Keep images out and repeat all data exactly.

**The data:**
+++

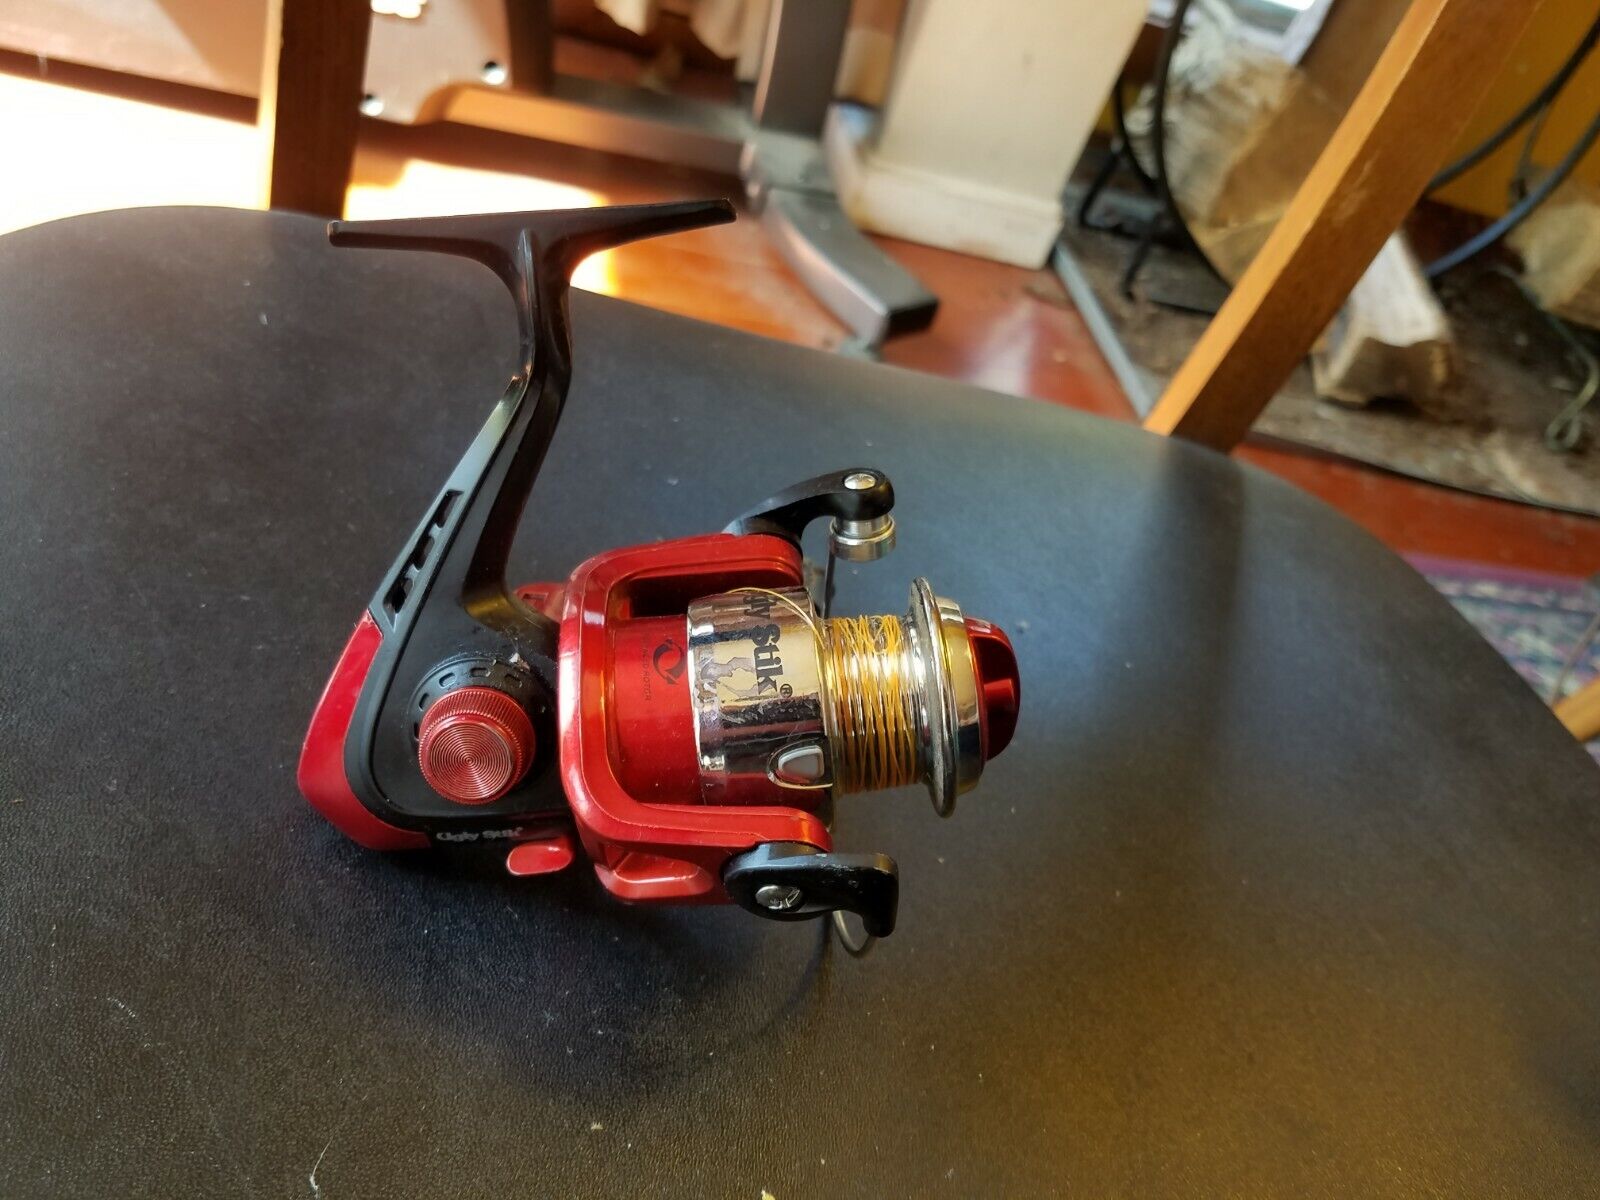 Red UGLY STIK Spincast Fishing Reel 5.5:1 Gear Ration 4/190 Line Capacity
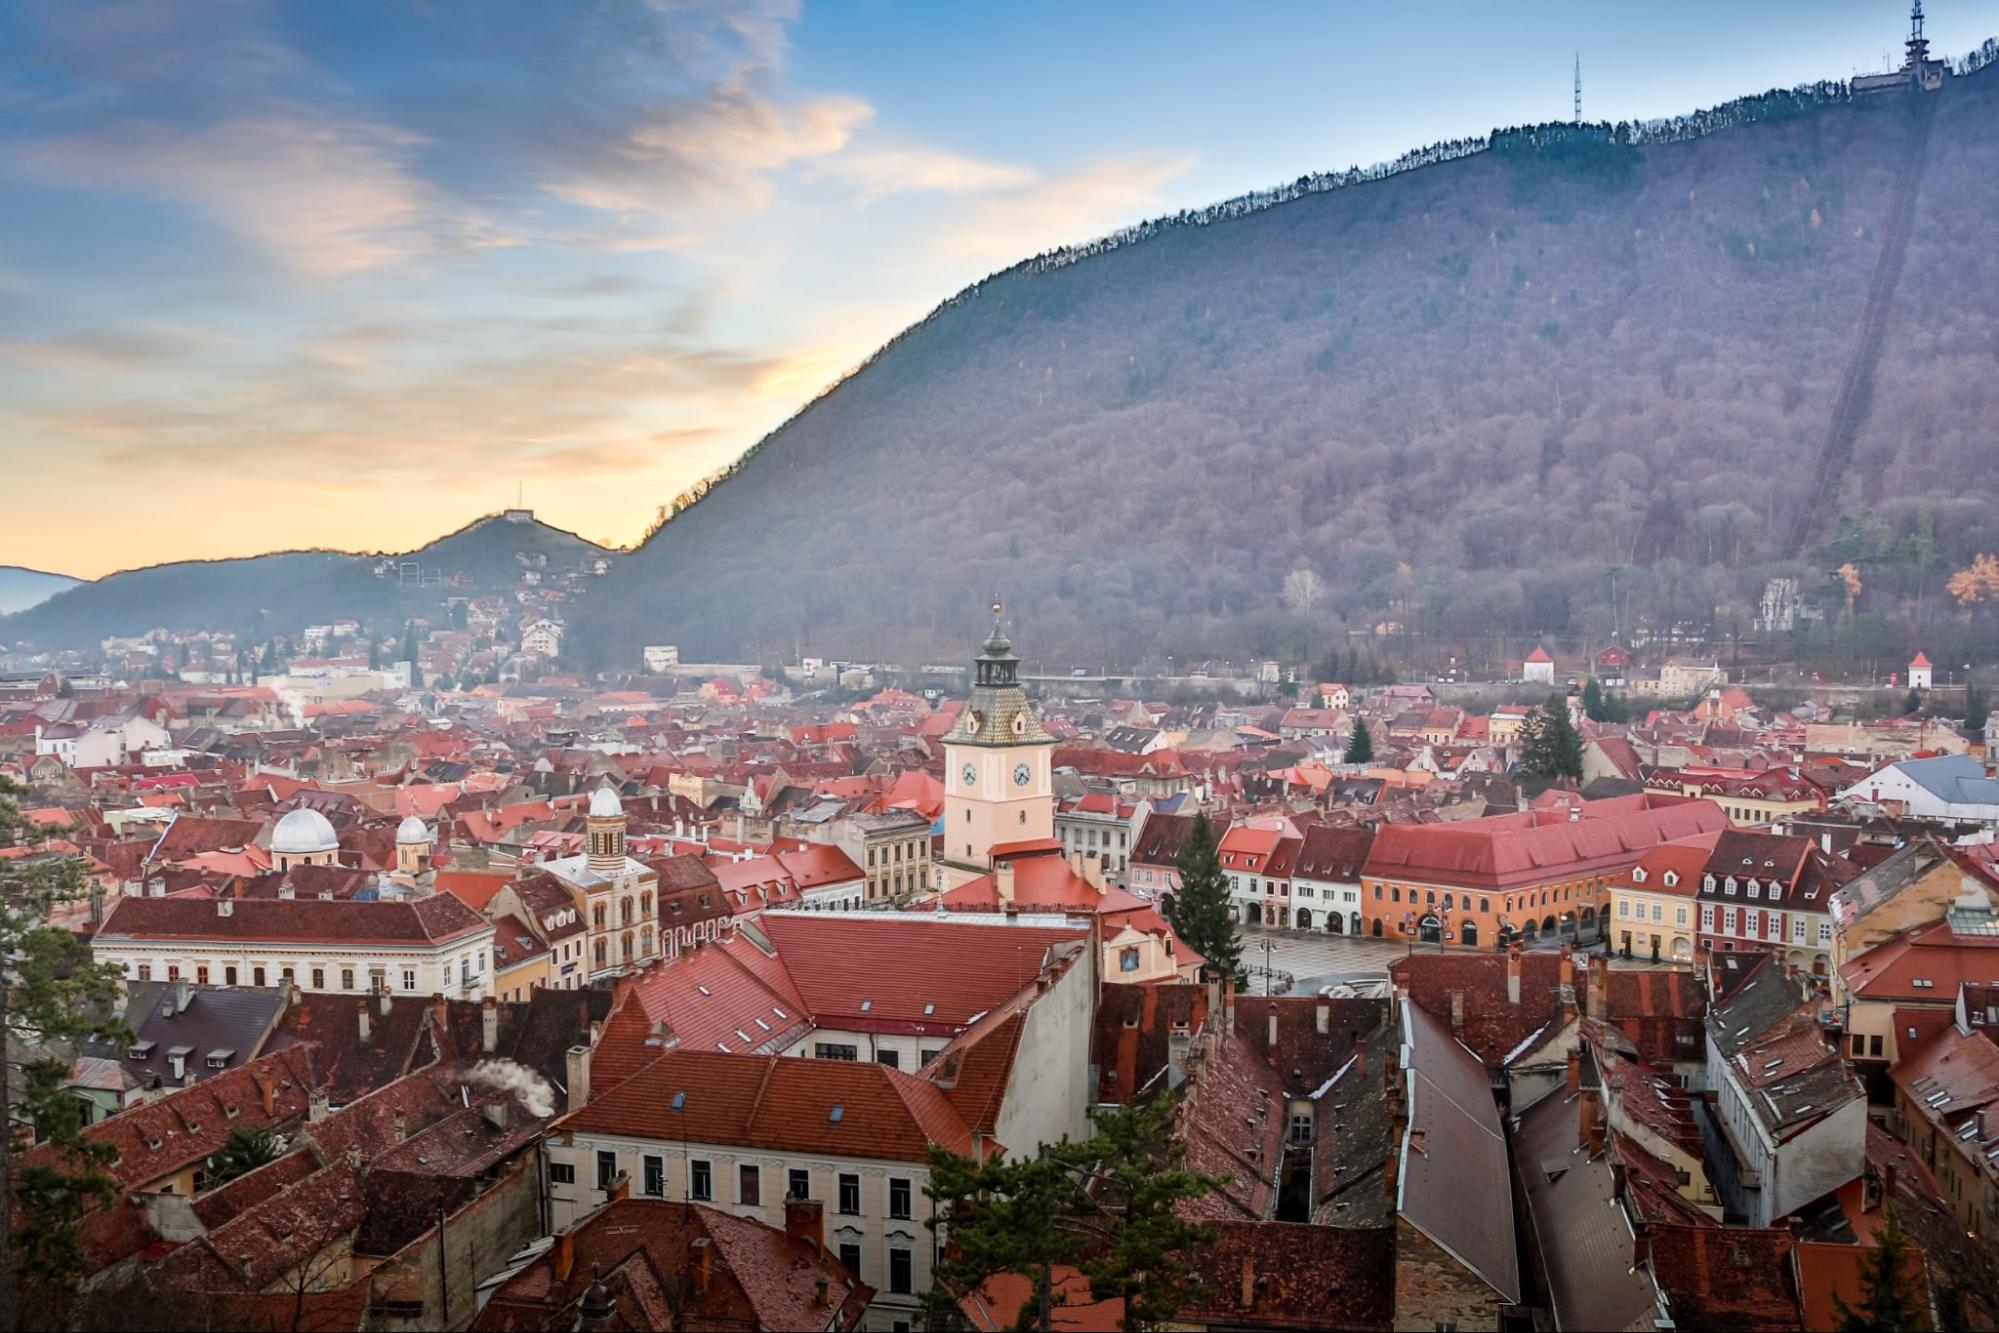 The central square of the old town. Brasov. Transylvania
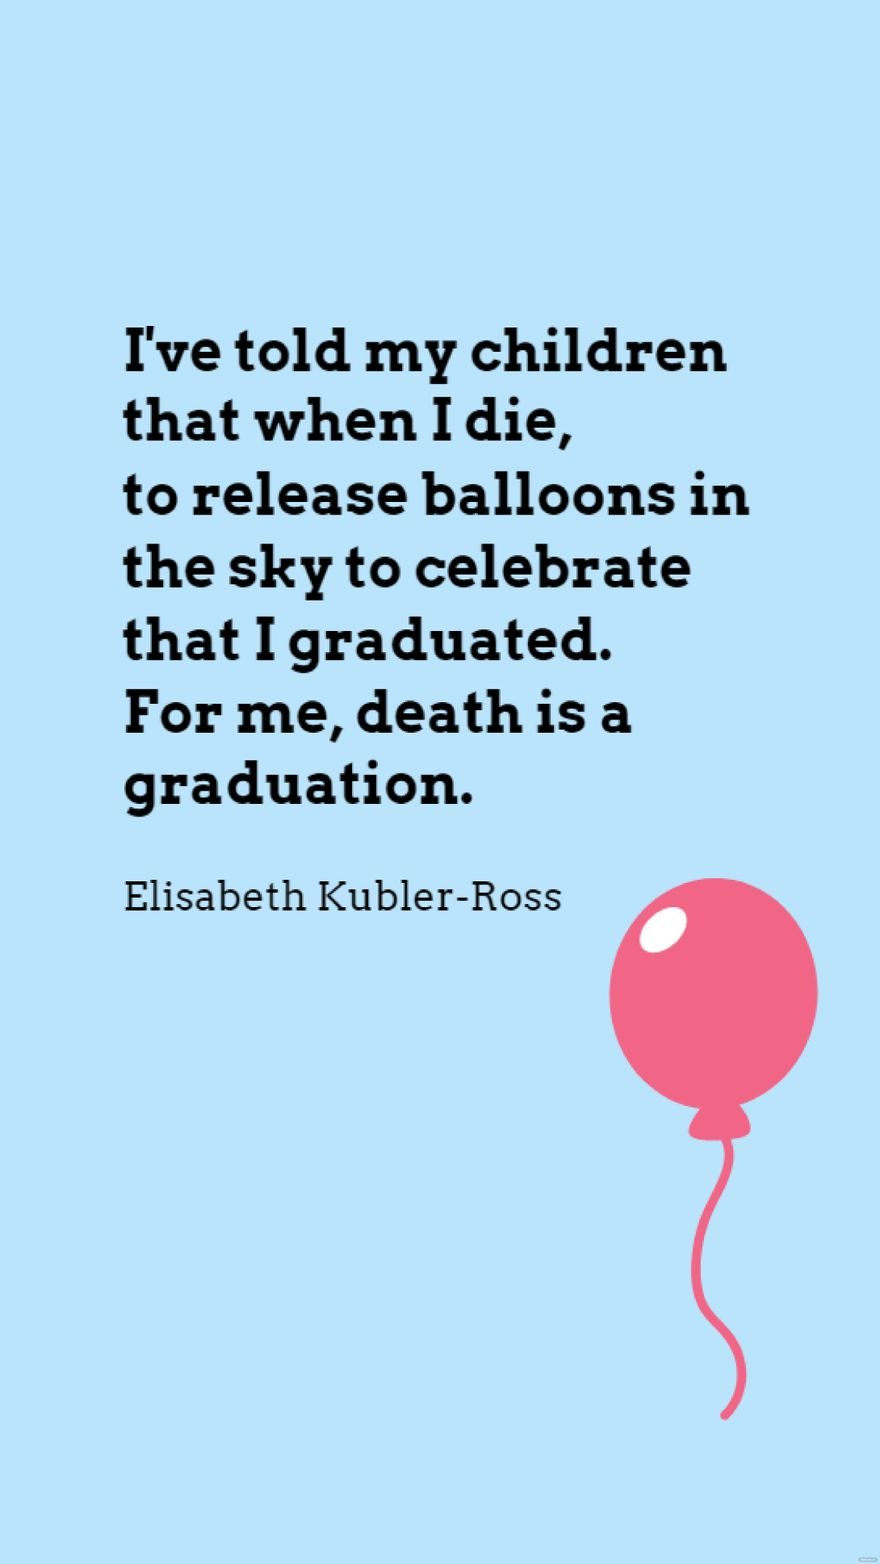 Free Elisabeth Kubler-Ross - I've told my children that when I die, to release balloons in the sky to celebrate that I graduated. For me, death is a graduation. in JPG

+++

**Final answer:**
 Red UGLY STIK Spincast Fishing Reel 5.5:1 Gear Ration 4/190 Line Capacity
 The central square of the old town. Brasov. Transylvania
 Free Elisabeth Kubler-Ross - I've told my children that when I die, to release balloons in the sky to celebrate that I graduated. For me, death is a graduation. in JPG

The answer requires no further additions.